- [Problem to solve]: The expected answer is the full listing, repeated exactly and free of images.

- [Given material]:
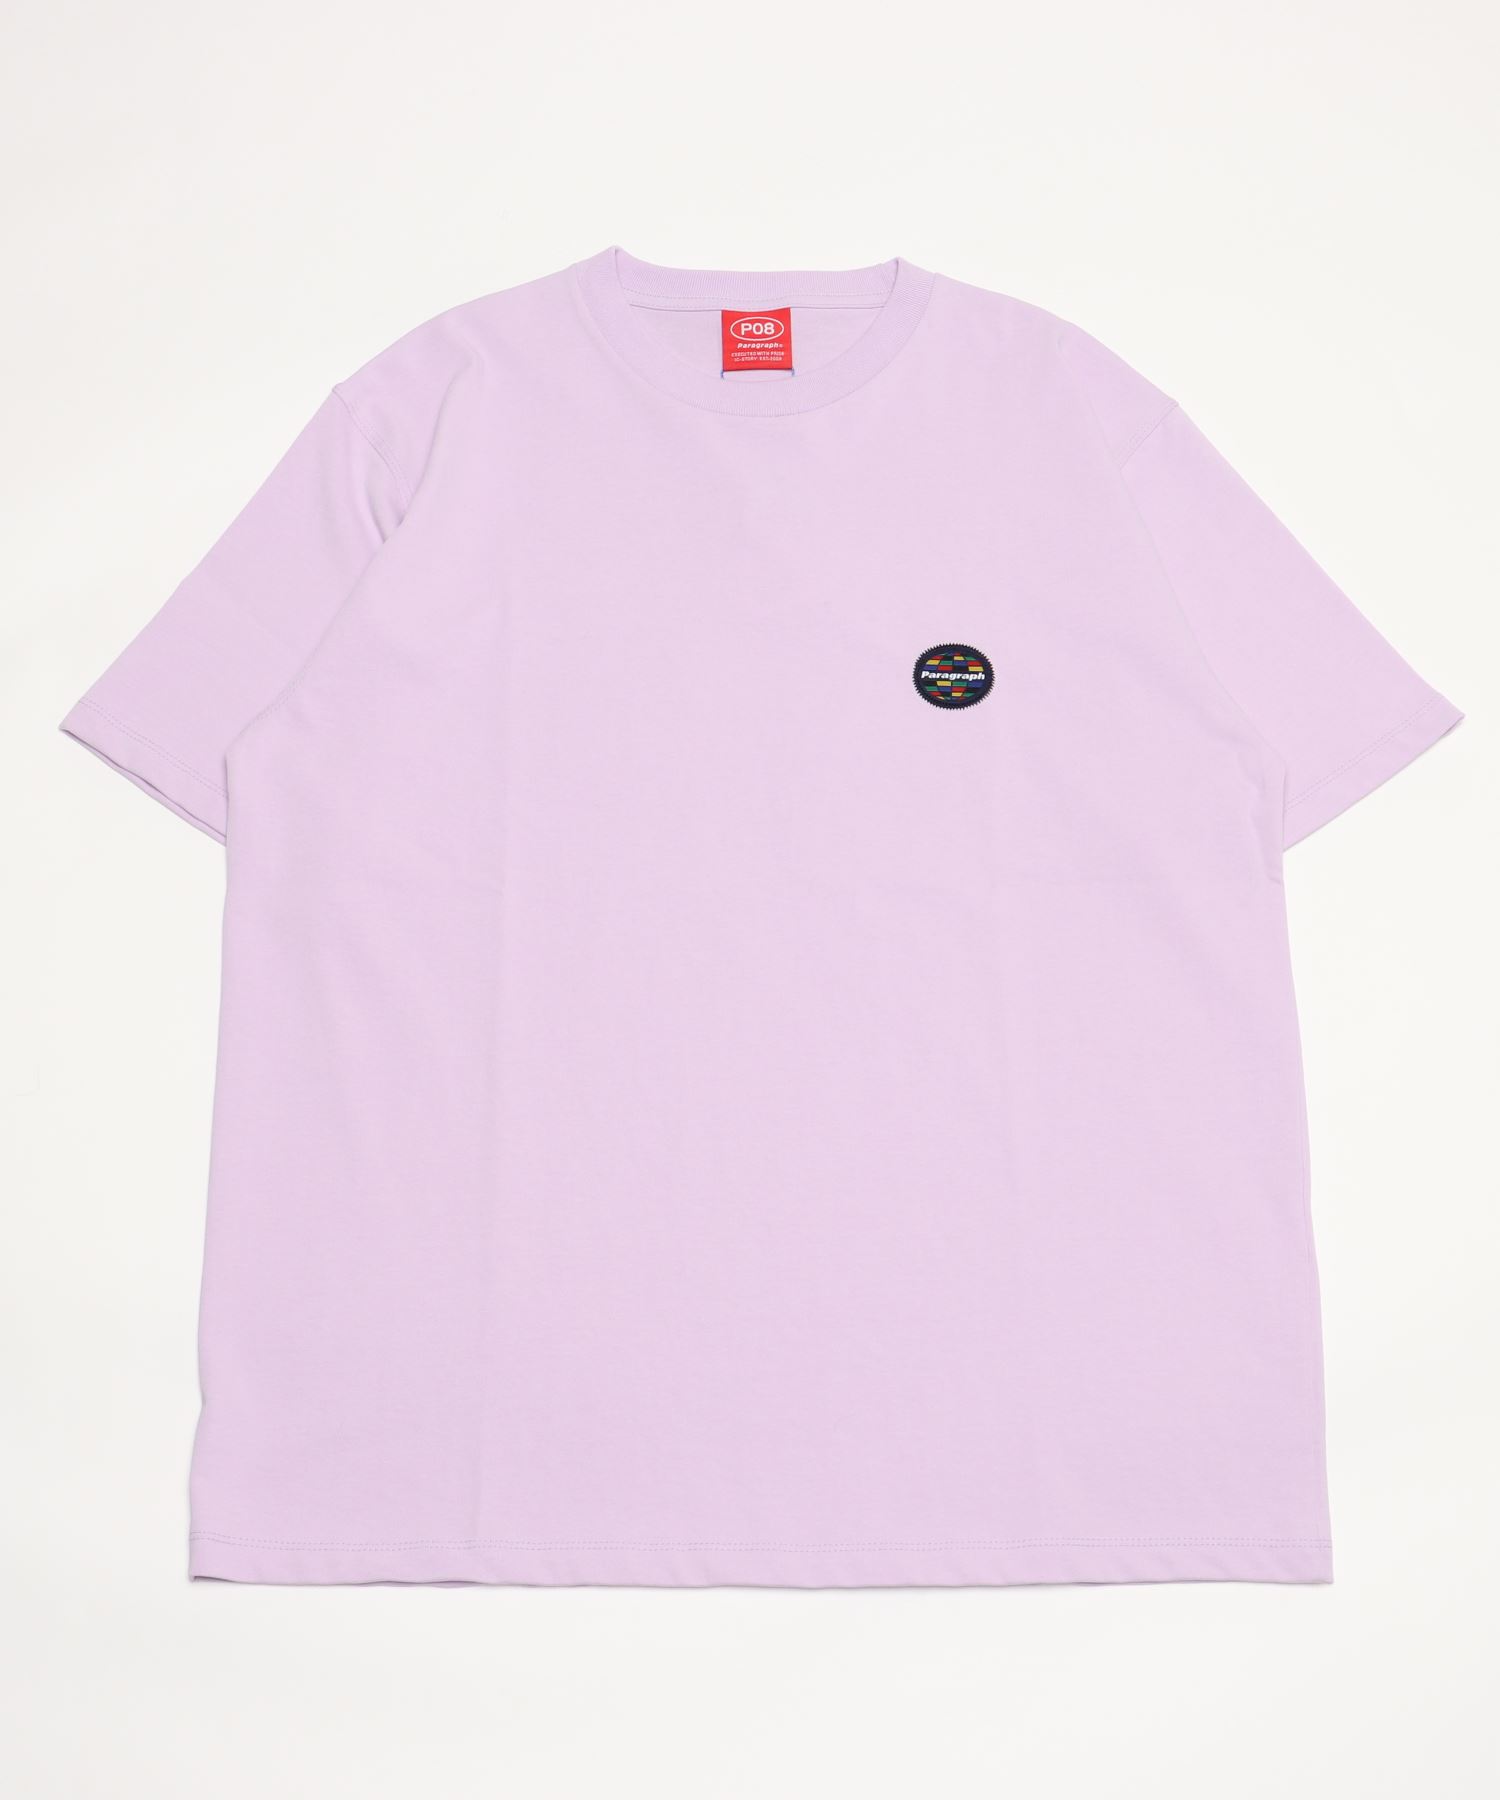 A'GEM/9 × .kom『paragraph/パラグラフ』Random color Earth T-shirt/ランダムカラーアースデザイン 半袖Tシャツ
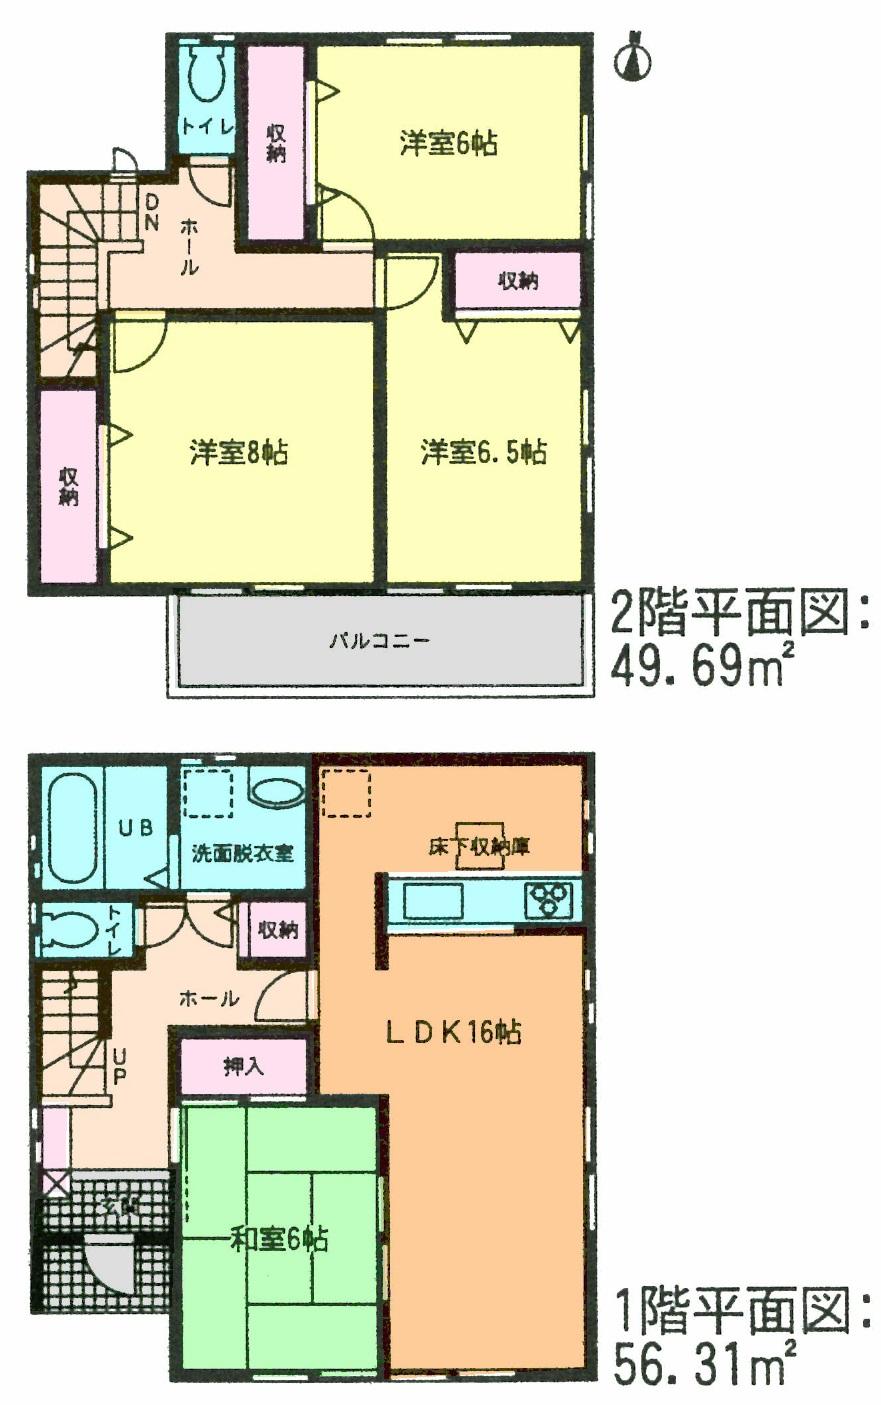 Floor plan. (1 Building), Price 22,800,000 yen, 4LDK, Land area 120.12 sq m , Building area 106 sq m
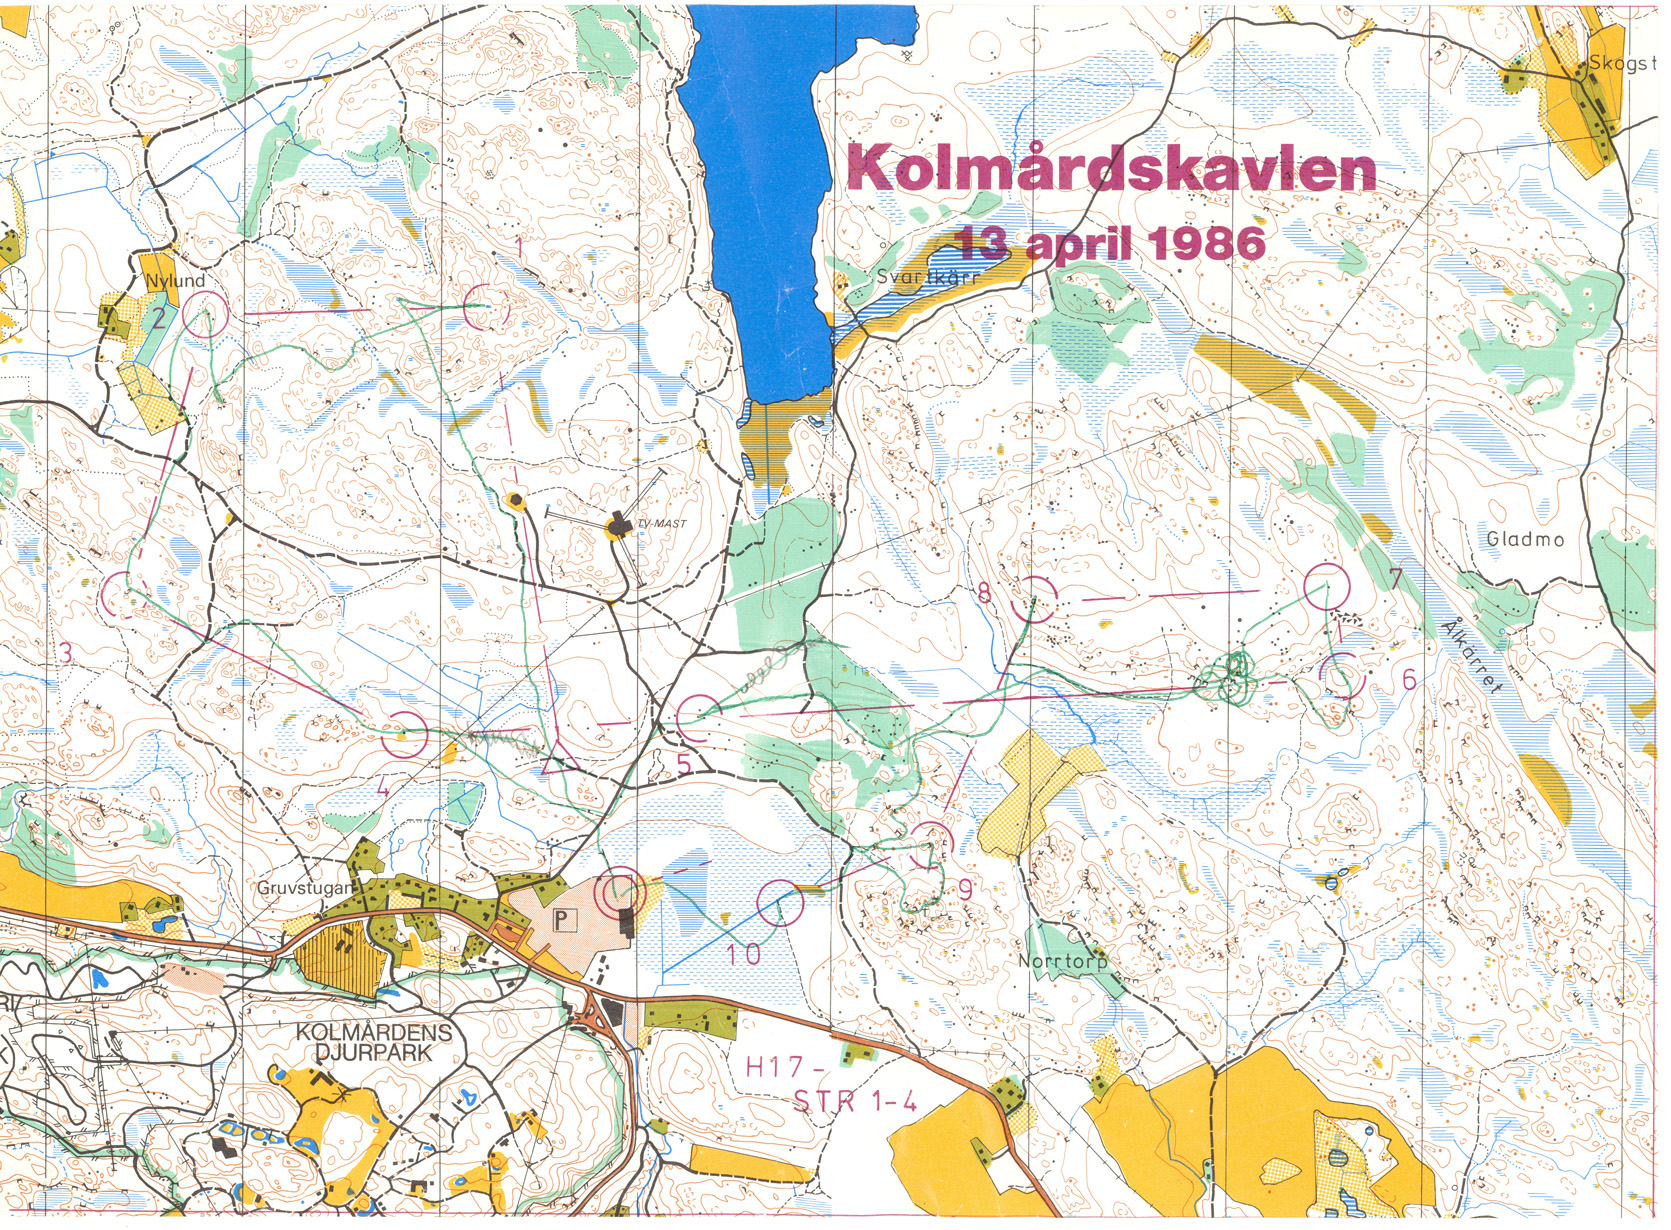 Kolmårdskavlen (13-04-1986)

- [Written solution]:
 A'GEM/9 × .kom『paragraph/パラグラフ』Random color Earth T-shirt/ランダムカラーアースデザイン 半袖Tシャツ
 Floor plan. (1 Building), Price 22,800,000 yen, 4LDK, Land area 120.12 sq m , Building area 106 sq m
 Kolmårdskavlen (13-04-1986)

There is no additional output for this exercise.